Beats: [Metricbeat|Filebeat] Number of fields will prevent Kibana index pattern creation

Created on 4 Aug 2020  路  16Comments  路  Source: elastic/beats

I'm writing this issue to raise a warning that Metricbeat and Filebeat are getting close to the point where users will not be able to create Kibana index patterns due to the number of fields. The Elasticsearch index mapping grows with each new module. The Kibana index-pattern is derived from the index mappings. Once the total size of the index-pattern reaches 1 MiB then you can no longer create Kibana index patterns.

__There's probably room from one or two more Filebeat modules before this limit is reached.__ Some users may have already reached this limit if they are using dynamic fields of their own. In 7.9 development Filebeat accidentally hit this issue due to a field mapping mistake (see https://github.com/elastic/beats/issues/19965).

What's affected?

The ability to use beat setup --dashboards to create an index pattern and the ability to create or refresh an index pattern through the Kibana Index patterns UI will be affected.

What's causing the limit?

As the number of fields increases, the size of the HTTP request body to create the index pattern through the Kibana API grows. Kibana limits requests to 1 MiB (as controlled by server.maxPayloadBytes in settings). The request to Kibana will fail with HTTP 413 Payload Too Large.

What are the sizes today?

| Beat | Number of Index Pattern Fields | Index Pattern Size |
|------------------- |-------------------------------- |------------------------ |
| x-pack/metricbeat | 3777 | 767433 bytes (.73 MiB) |
| x-pack/filebeat | 4856 | 922530 (.88 MiB) |

  • Collected from beat version 8.0.0 (amd64), libbeat 8.0.0 [b1bd7b703fae6b5529c22b787cf78580ea1e974b built 2020-08-04 14:42:21 +0000 UTC].

How can we address it?

In no particular order here are some options:

  • Increase the default server.maxPayloadBytes value.
  • Increase max payload size just for the route where it's needed in 7.x only.
  • Allow fields to be added to Kibana index patterns through partial updates (use a series of requests that are each less than 1 MiB to construct the index pattern).
  • Minimize the number of new fields. Stop adding new modules. Stop adding new unused fields from ECS to the mapping.
  • Please comment with your ideas.
Filebeat Metricbeat Integrations SIEM bug

All 16 comments

Pinging @elastic/integrations (Team:Integrations)
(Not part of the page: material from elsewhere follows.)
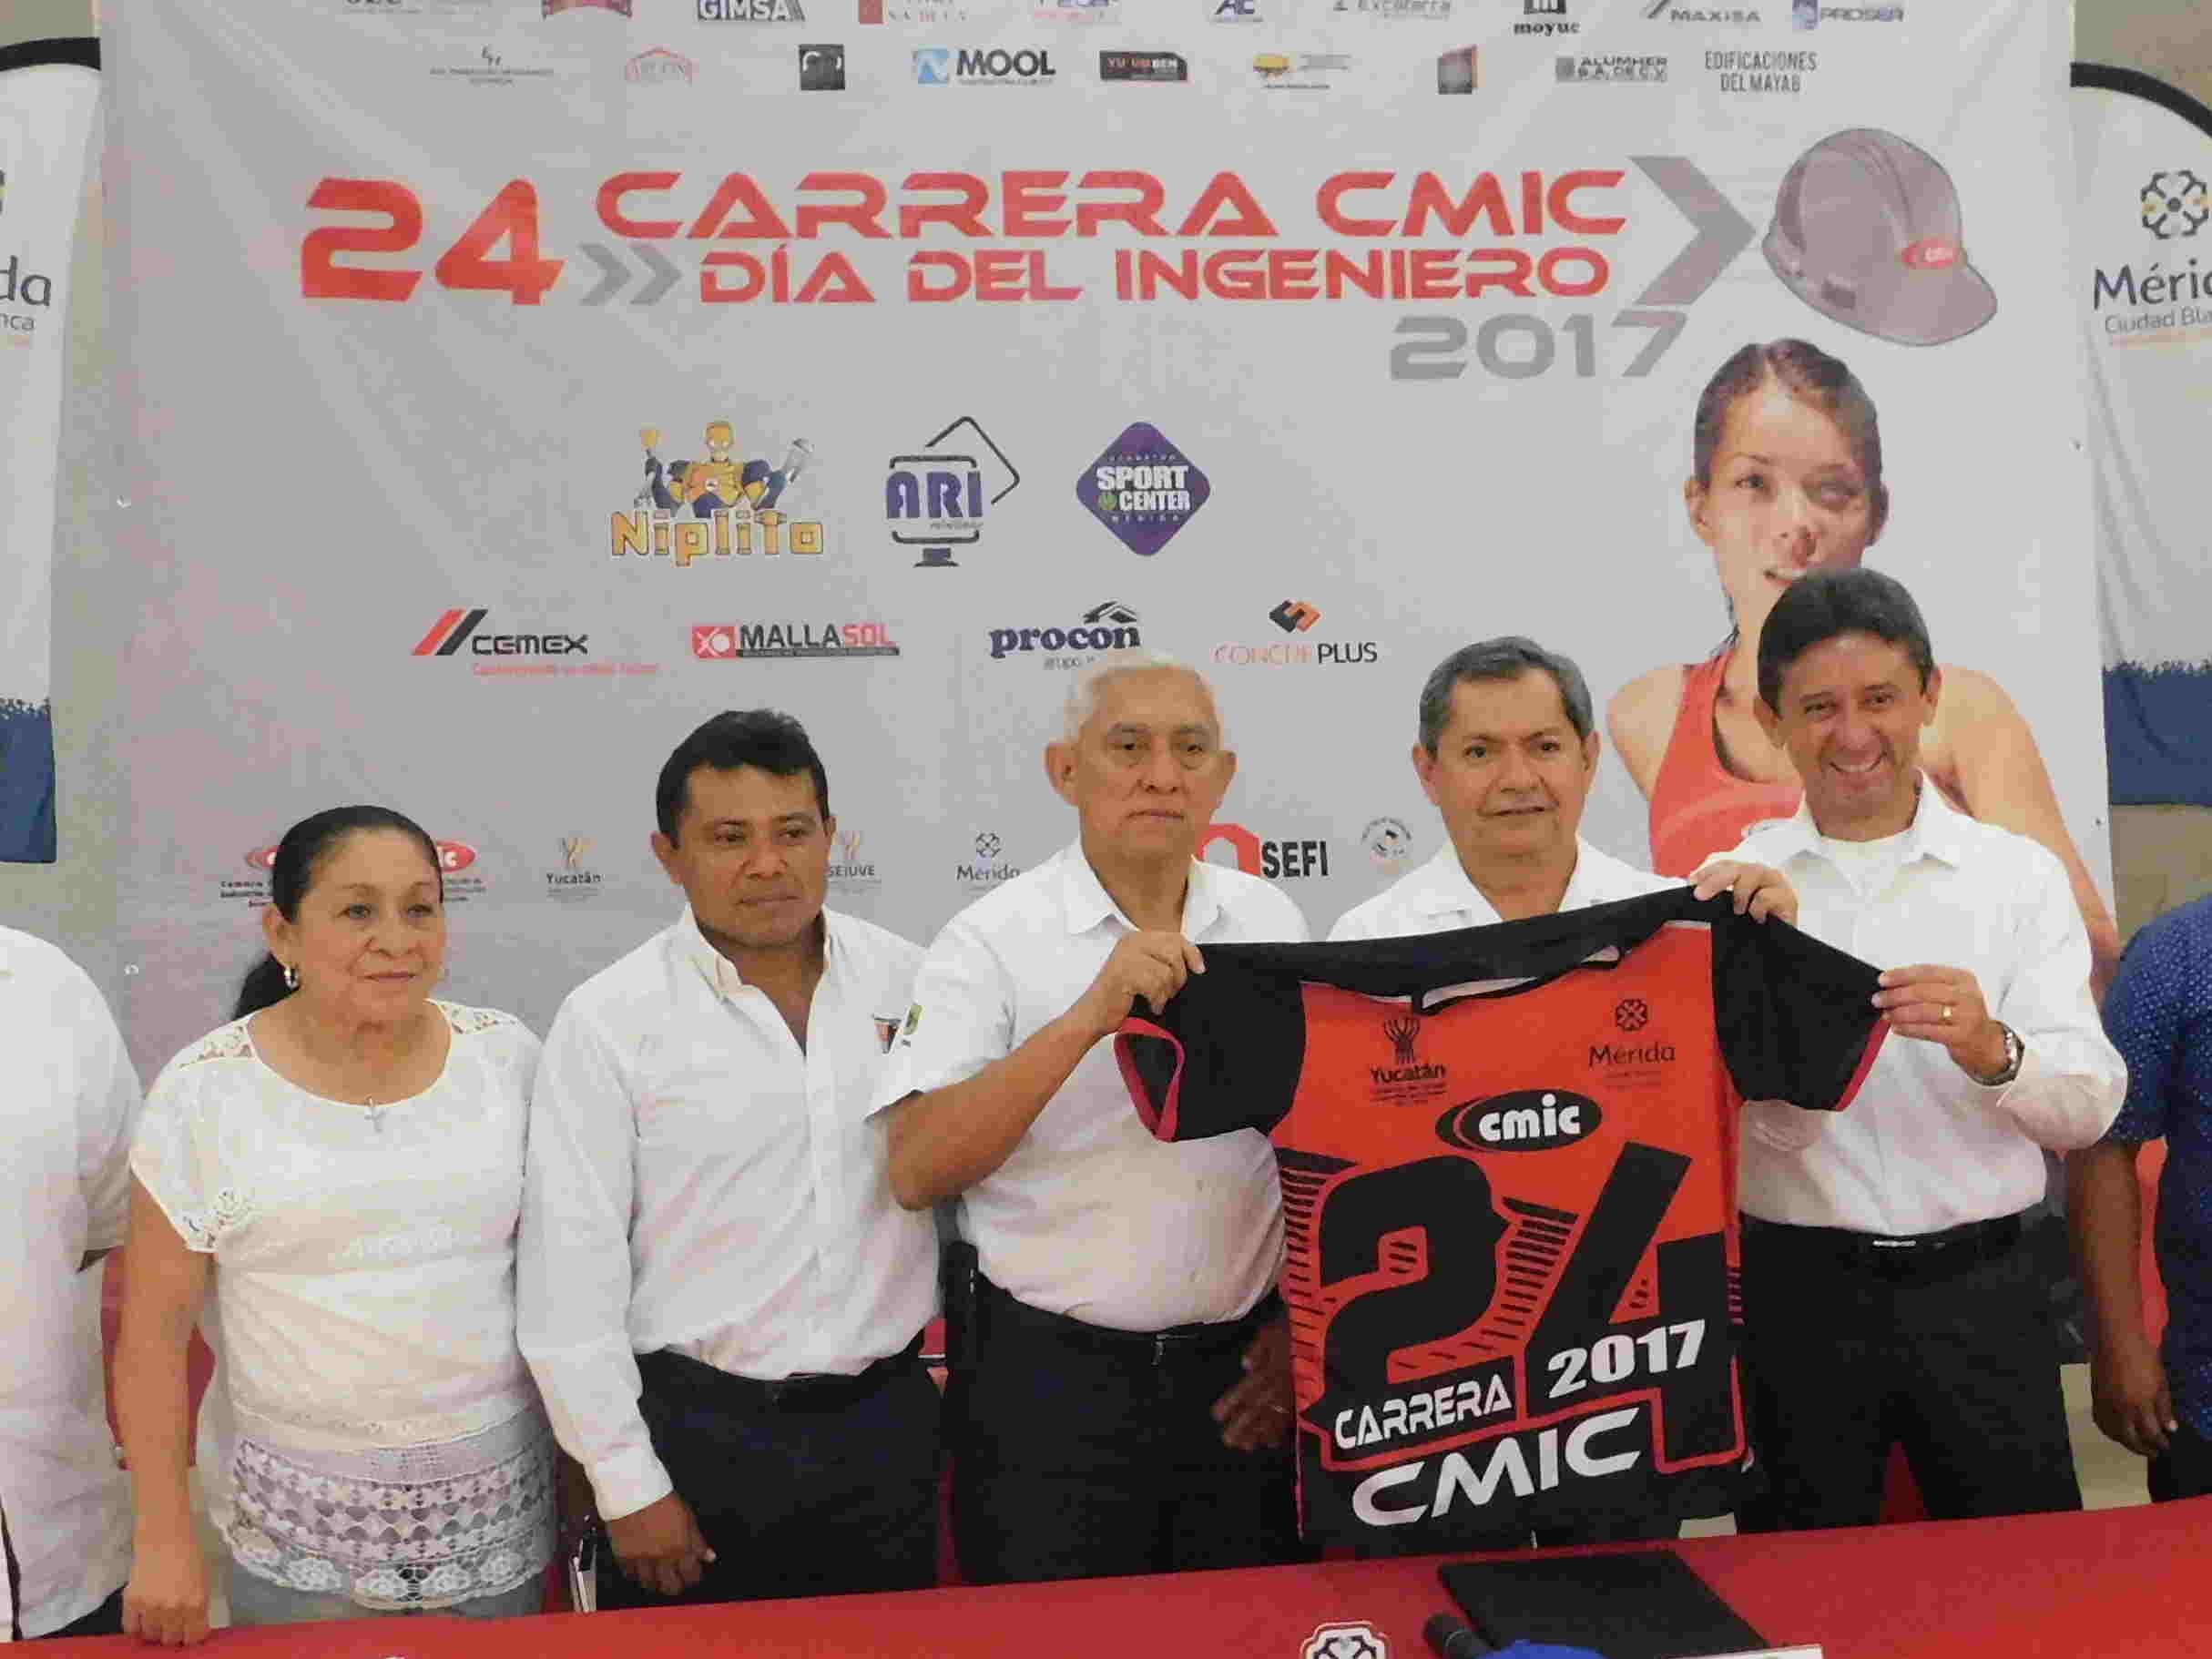 Carrera CMIC 2017

Pinging @elastic/siem (Team:SIEM)

Regarding Elastic Agent, once we migrate all of the modules to integration packages we should expect the same problem to occur for the logs-* index pattern when you refresh the index pattern (but only if you had all the integrations installed).

Out of curiosity, why do we populate unused ECS fields in the mapping?

Out of curiosity, why do we populate unused ECS fields in the mapping?

Beats incorporate https://github.com/elastic/ecs/blob/master/generated/beats/fields.ecs.yml into their mapping. It's hard to know which fields are unused across all Beats so the whole ECS mapping is kept.

I should note that Beats uses /api/kibana/dashboards/import in Kibana to setup the index pattern.

https://github.com/elastic/beats/blob/0b12bb453d316734b0dcc1fa1dfde54761457c98/libbeat/dashboards/kibana_loader.go#L36

I should note that Beats uses /api/kibana/dashboards/import in Kibana to setup the index pattern.

First, we should probably open a new issue for moving away from this API as it is deprecated and will be removed in 8.0. I apologize for not raising this sooner, but was somehow under the impression that Beats had already moved away from this. (EDIT: opened a new issue https://github.com/elastic/beats/issues/20672)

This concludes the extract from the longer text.